Фрик медленно прошёлся по стойке. – Так-так… выходит, нас ждёт эпоха без смеха?
– Эпоха без искры, – уточнил старик. – Они хотят, чтобы всё было ровно, без всплесков. Ни счастья, ни боли.
Лисса задумалась. – Значит, мы снова возвращаемся к старому: чудо запрещено, чувство под запретом, дыхание на учёте.
– А значит, – добавила Тия, – пора снова учиться смеяться подпольно.
Старик улыбнулся – в этой улыбке было больше света, чем в любой магии. – Именно. И я пришёл, чтобы попросить вас об этом. Нам нужно место, где смех будет не преступлением, а правом.
Фрик фыркнул. – Полагаю, таверна «Последний дракон» вполне подходит. У нас и дураков хватает, и философов. Иногда в одном лице.
С тех пор в таверне начали собираться люди, которых мир считал «излишне чувствительными». Музыканты, которые слышали, как поёт дождь. Писцы, влюблённые в слова. Старые учителя, запомнившие вкус вдохновения. Они приходили тихо, без афиш, но с улыбками, которые можно было разглядеть даже в темноте.
Лисса поставила у двери новую табличку – «Дом свободного смеха». Никто не осмелился её снять. Даже чиновники, проходящие мимо, отворачивались, будто не замечали. Слухи о месте, где разрешено смеяться, распространялись быстро. Люди приходили просто посидеть, послушать, как кто-то читает свои сны, или сыграть на флейте из обыкновенной кости, звучащей лучше любого золота.
Фрик, наблюдая за всем этим, стал чуть мягче. Даже перестал ворчать, когда Лисса, не глядя, ставила ему под нос тарелку с жареной рыбой.
– Скажи честно, – как-то спросила она, – тебе ведь тоже нравится, что всё живое возвращается?
– Мне нравится, – ответил он после паузы, – что даже самые глупые идеи умеют светиться. Особенно если их подать с правильным соусом.
Но покой длился недолго. Однажды ночью, когда все уже спали, на пороге появился тот самый имперский курьер – теперь без очков, с лицом, испачканным копотью.
– Ведьма… – прохрипел он. – Они идут. Совет решил ликвидировать все источники «иррациональных проявлений». Ваш дом первый в списке.

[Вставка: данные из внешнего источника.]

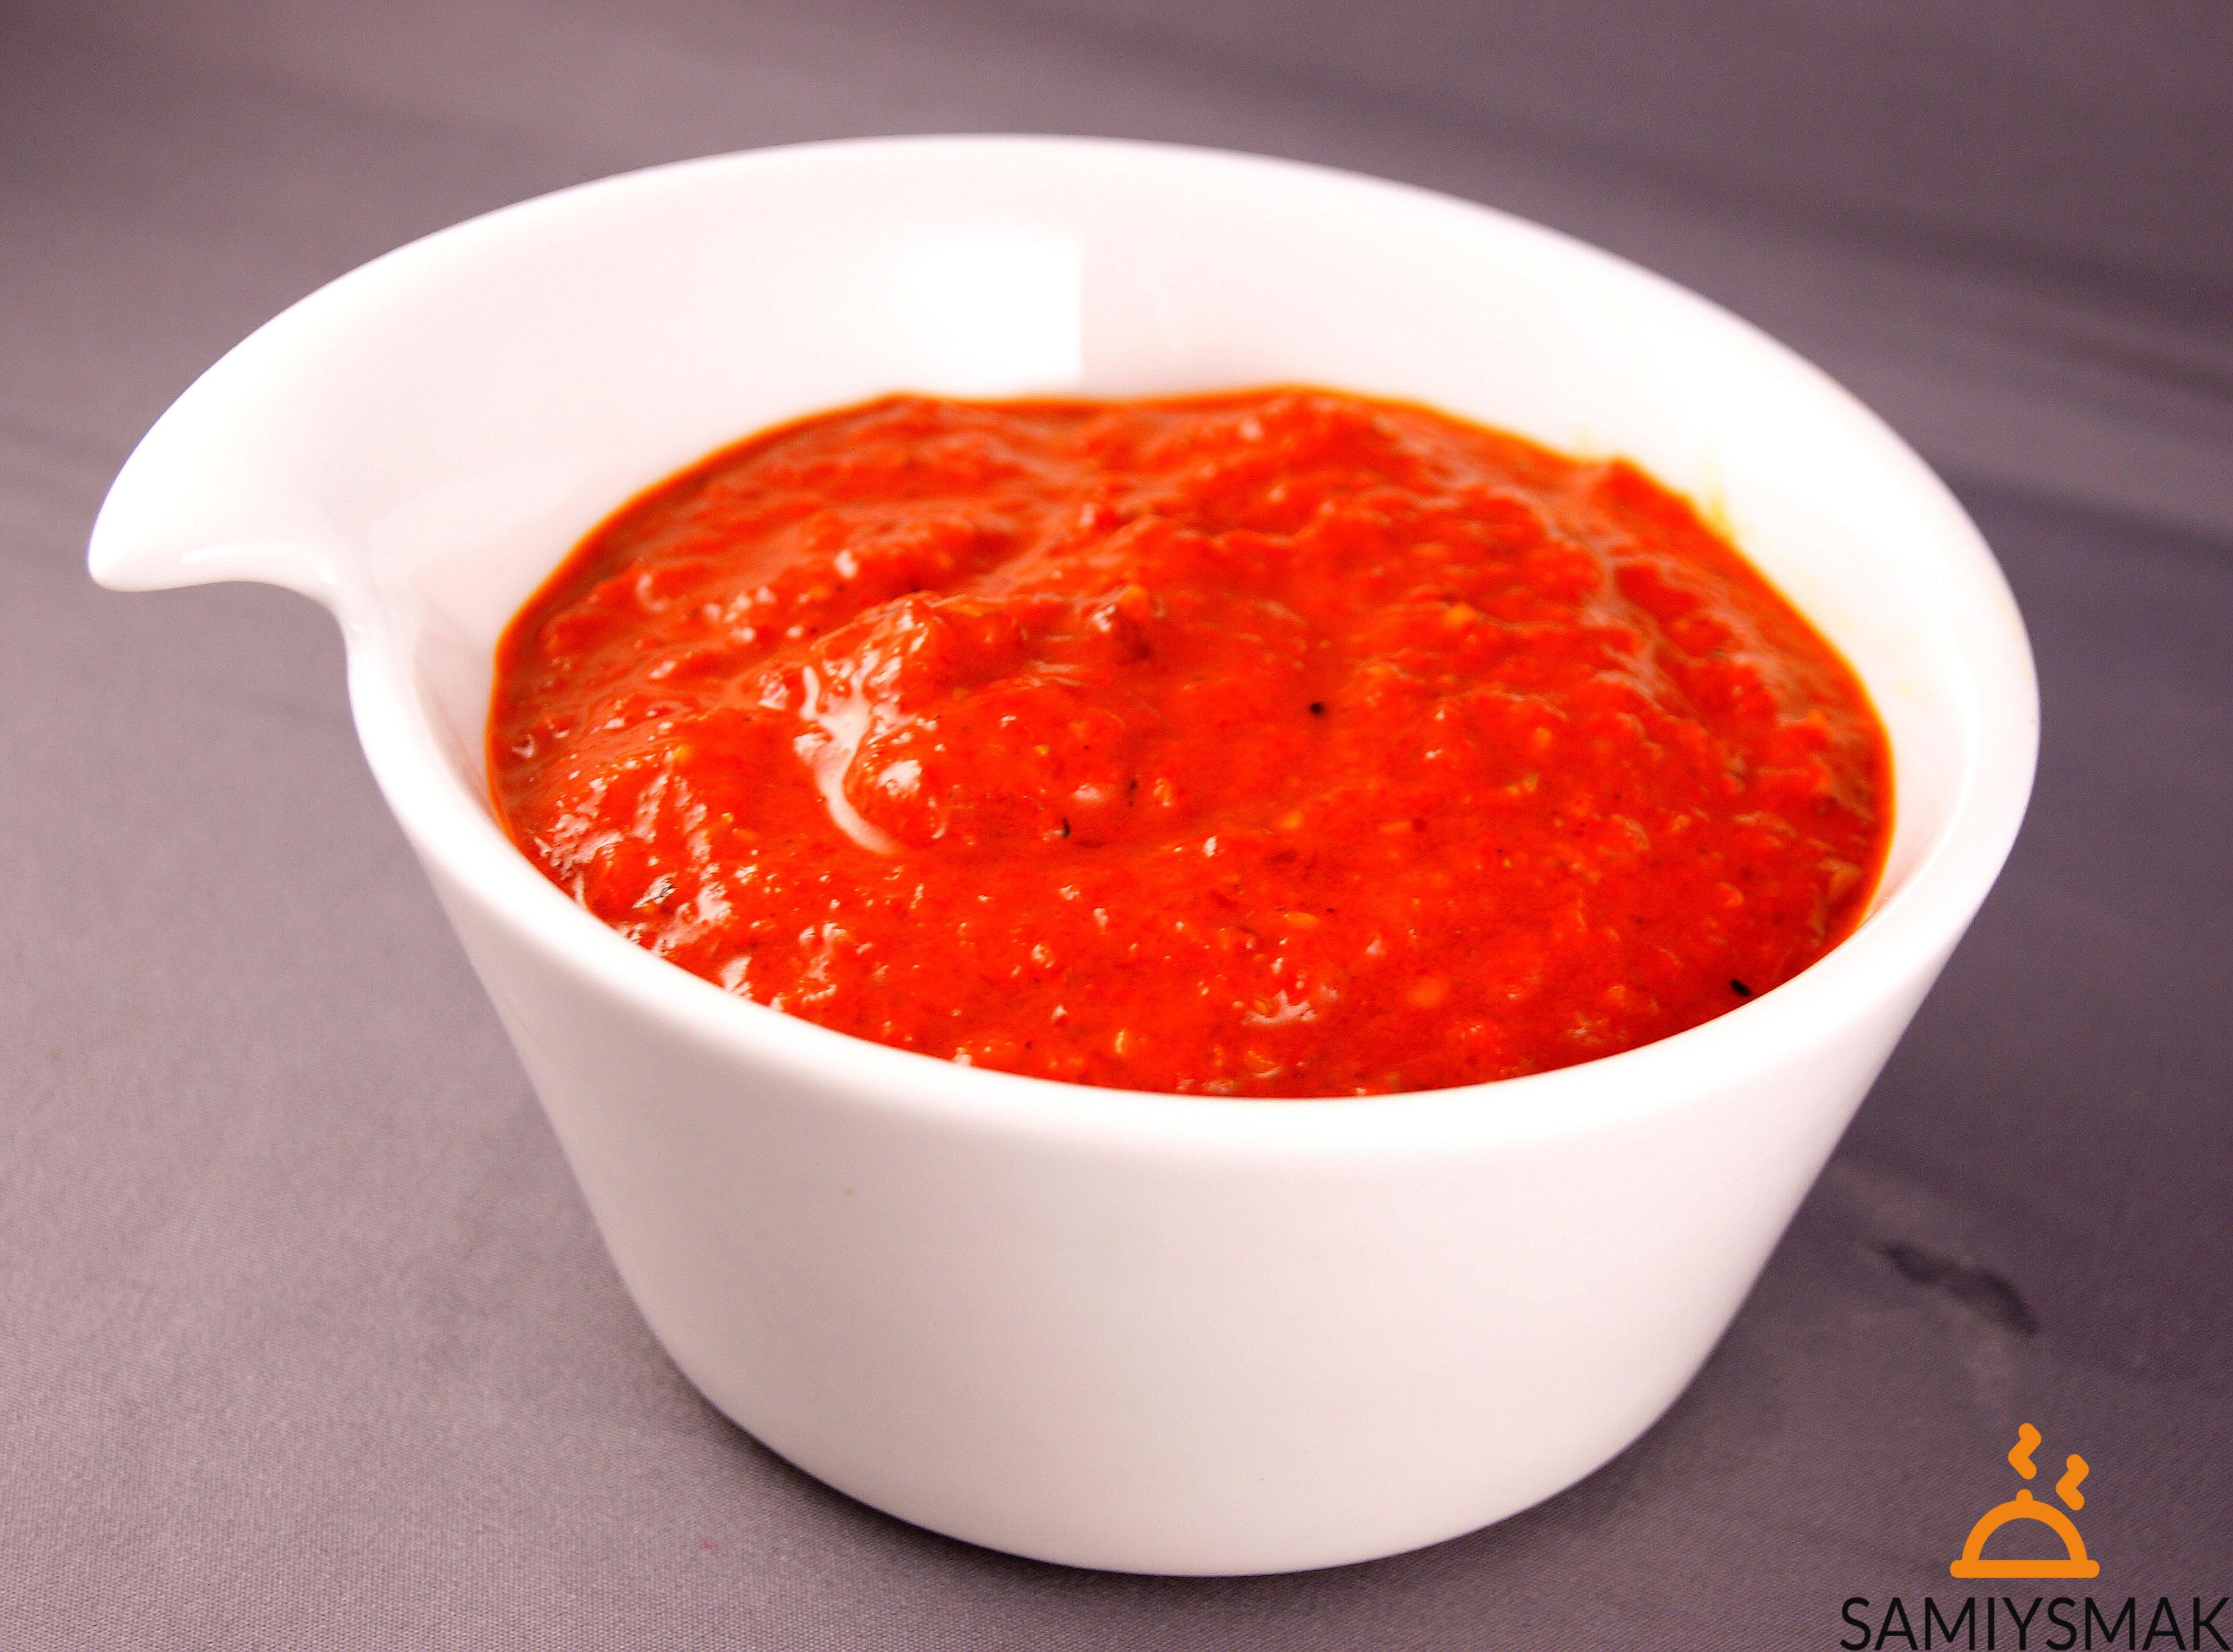 Заправка для салата с тархуном рецепт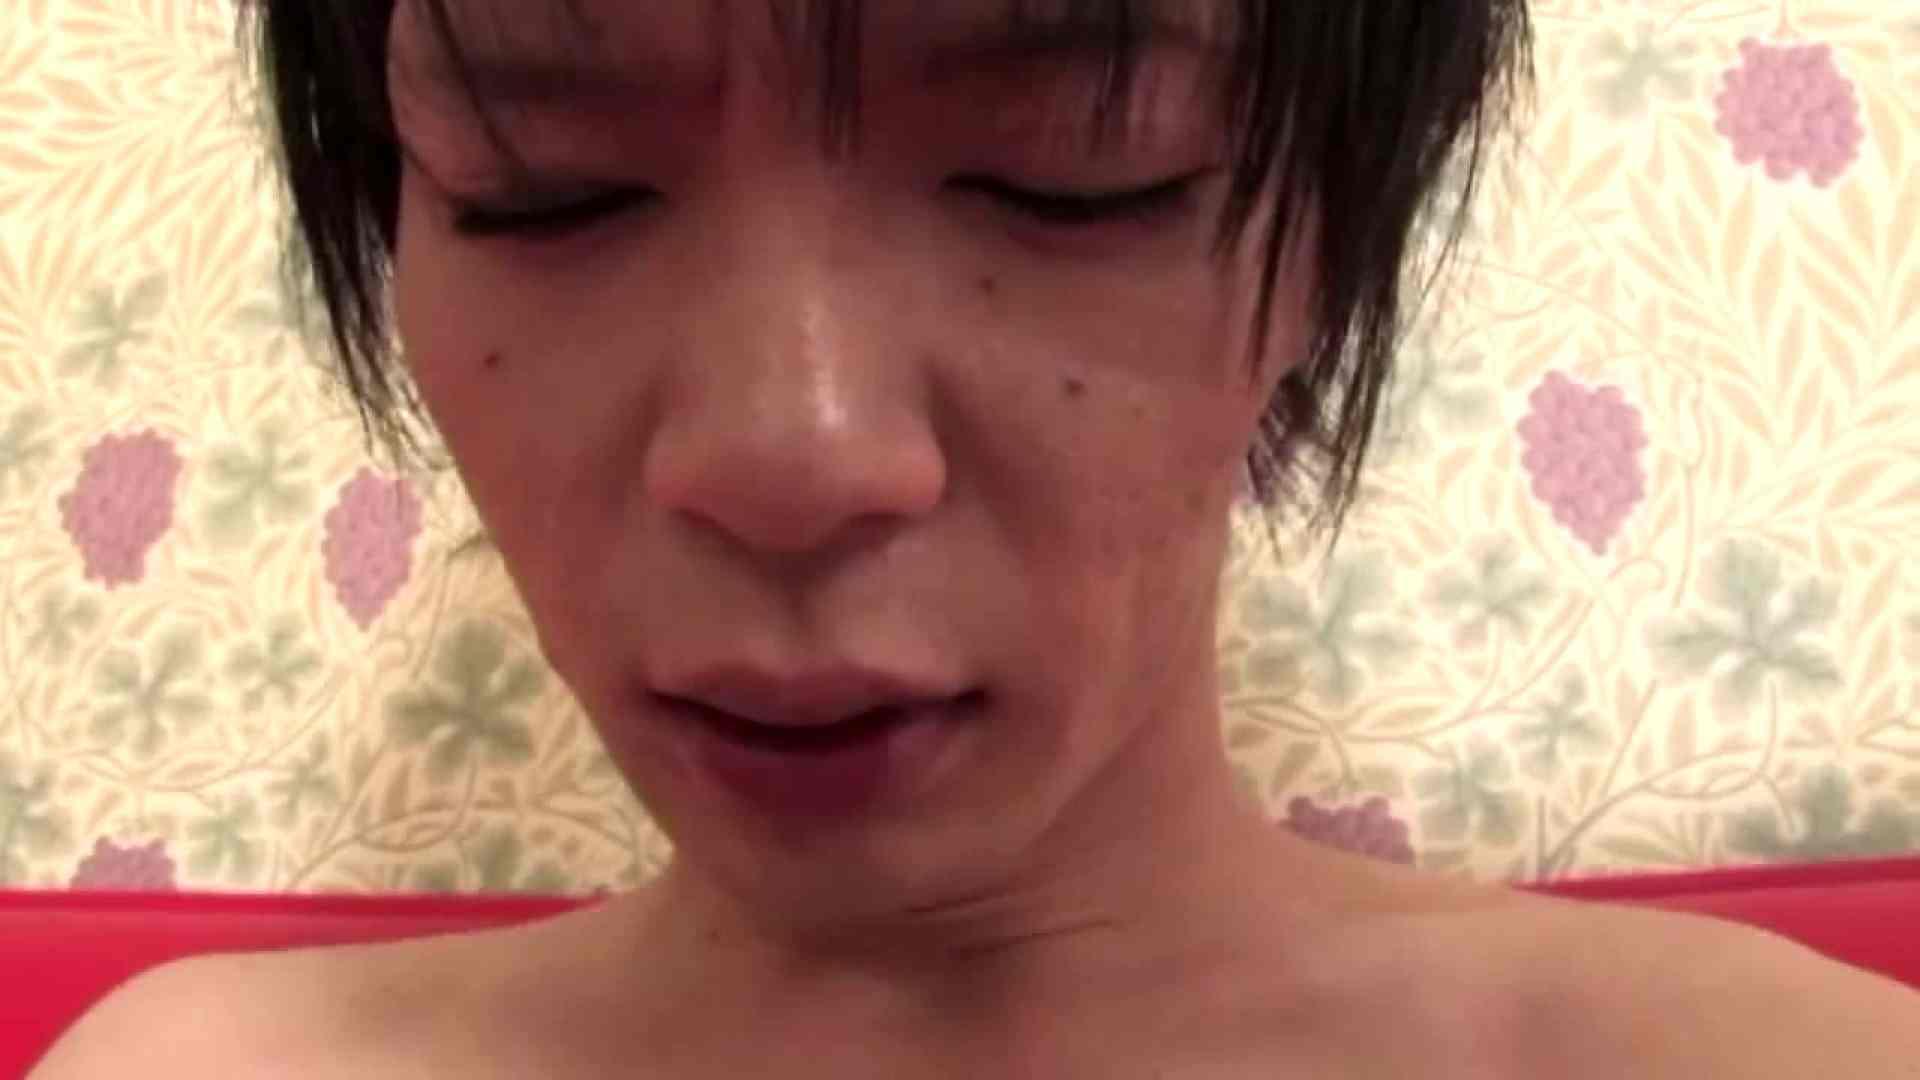 イケメン限定!天国への階段 Vol.04 イケメン ケツマンスケベ画像 113枚 24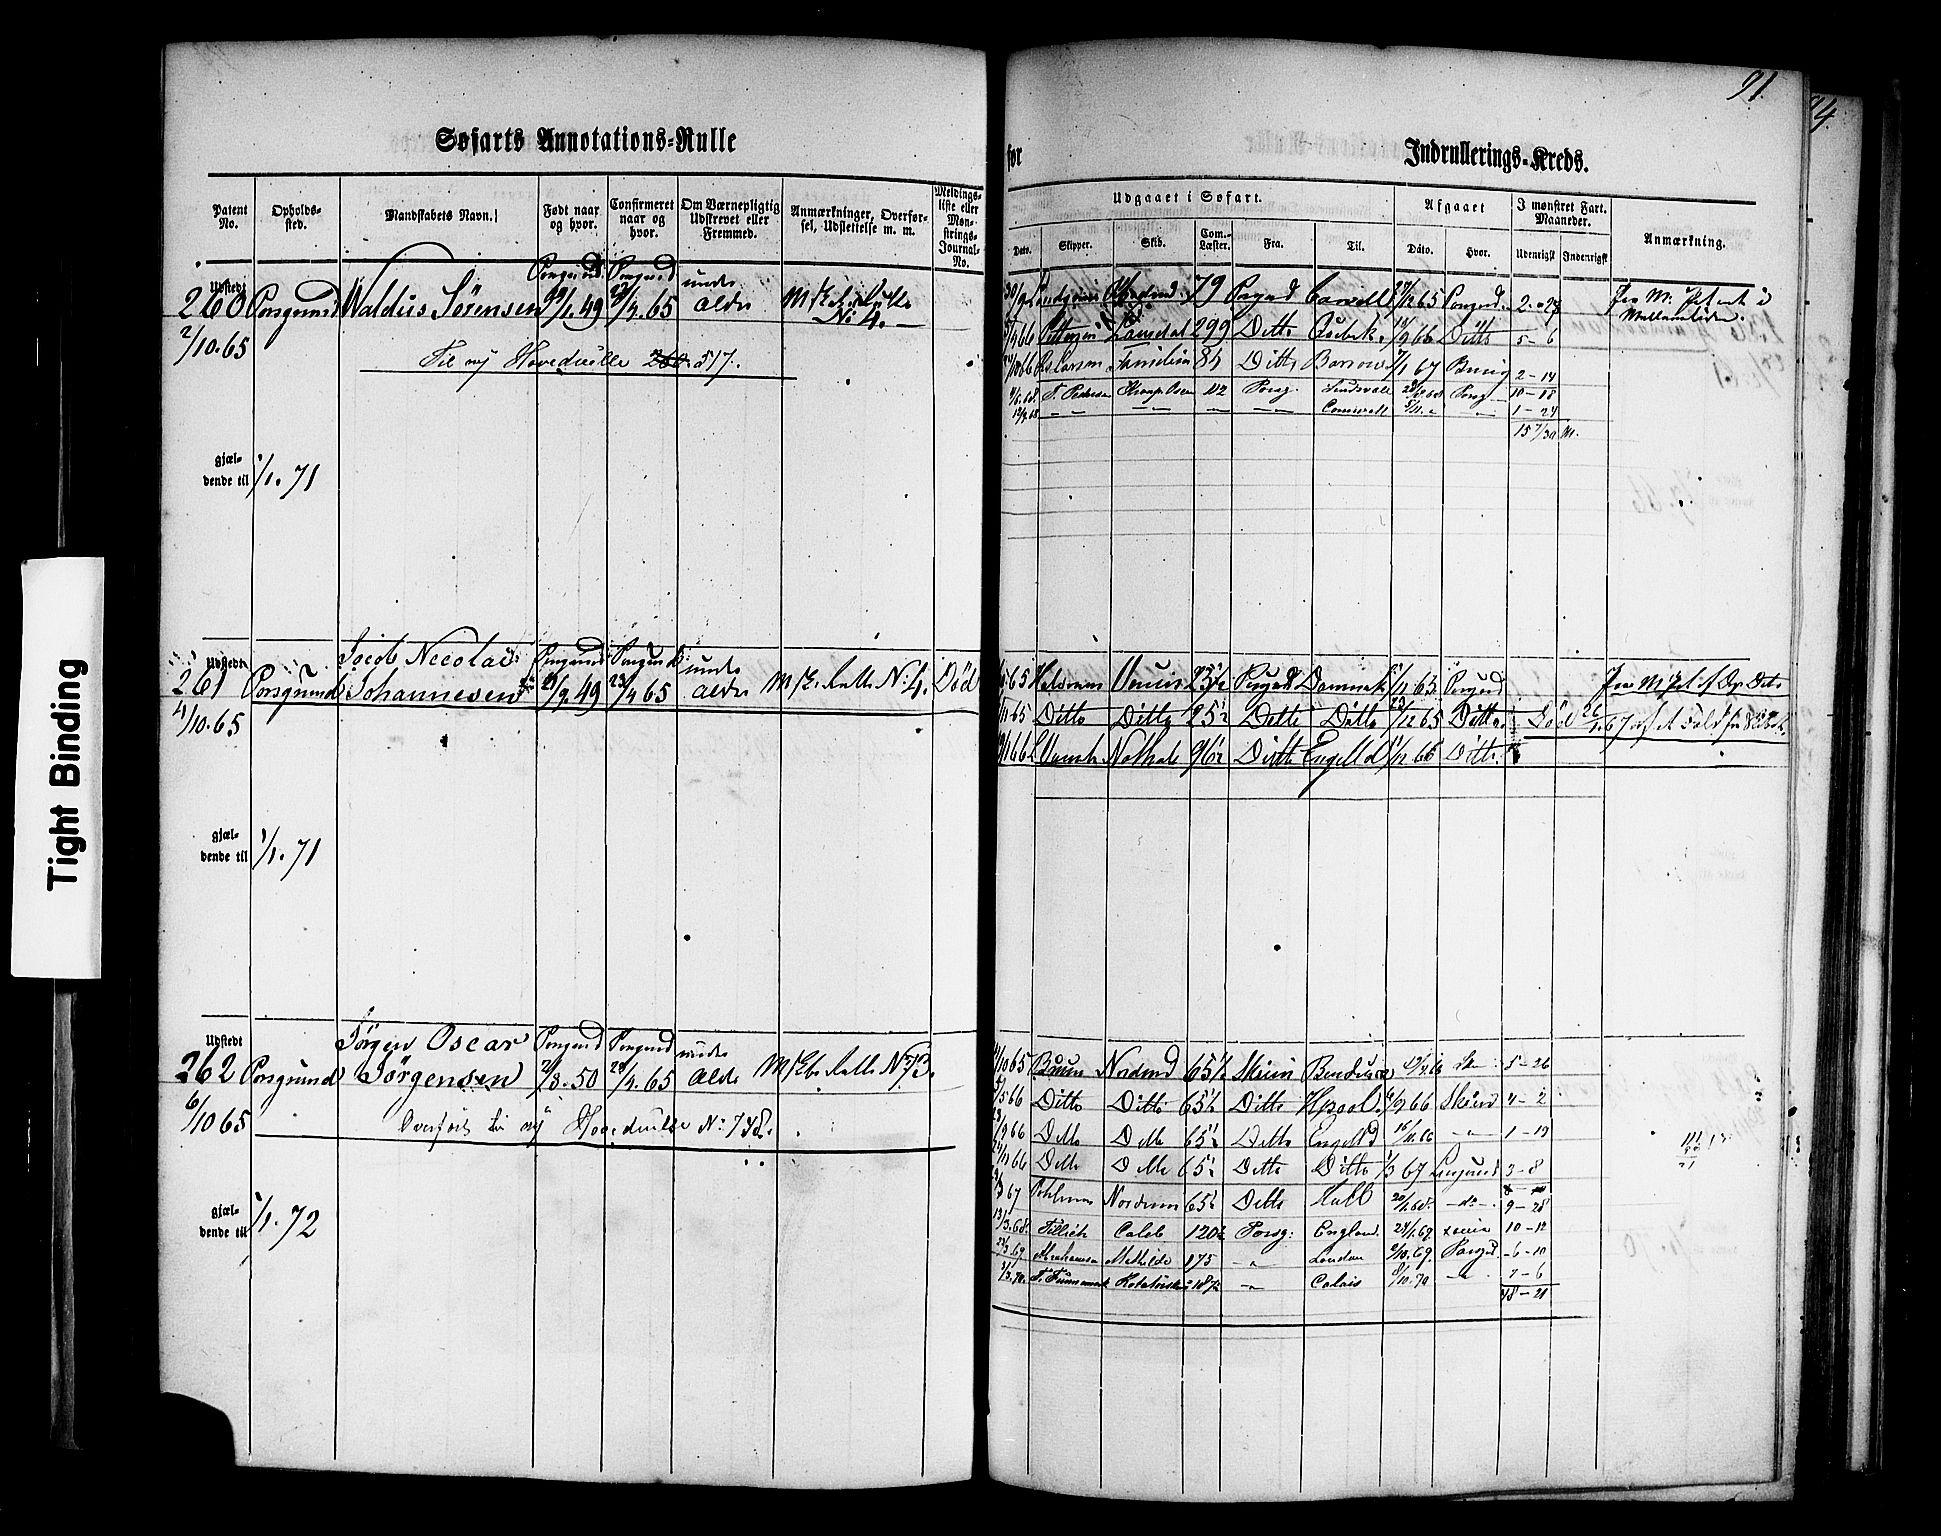 SAKO, Porsgrunn innrulleringskontor, F/Fb/L0001: Annotasjonsrulle, 1860-1868, s. 120

Рован вскочил, Тия побледнела.
Лисса не пошевелилась. – Значит, время пришло. Пусть приходят.
Фрик вытянул когти, и в его взгляде впервые мелькнуло не раздражение, а нечто древнее – память пламени. – Я предупреждал, что мир не любит смех. Но он его заслужил.
Через час таверна уже дышала как живое существо. Фонари мигали, словно набирая воздух. В камине пламя сложилось в очертания крыльев. Все гости – живые, мёртвые, легендарные – собрались вместе.
Лисса встала на стол, подняла чашу. – Если они придут за чудом, пусть получат его целиком. Мы не прячем магию – мы ей дышим.
В дверь постучали. На пороге стояли имперские инспекторы, сухие, как пепел. Их глаза отражали пустоту, в которой не было места ни боли, ни радости.
– По приказу Совета… – начал один, но договорить не успел.
Таверна загудела, как сердце перед ударом. Из стен поднялся свет – не огонь, не молния, а что-то между дыханием и песней. Воздух стал тёплым, время – медленным. Даже дождь за окном застыл.
– Это нарушение! – закричал чиновник.
– Это жизнь, – ответила ведьма.
Свет прошёл сквозь них, и на мгновение все – и люди, и призраки, и даже чиновники – увидели то, чего давно не видели: себя живыми. Кто-то заплакал. Кто-то рассмеялся. И, что удивительно, никто не умер.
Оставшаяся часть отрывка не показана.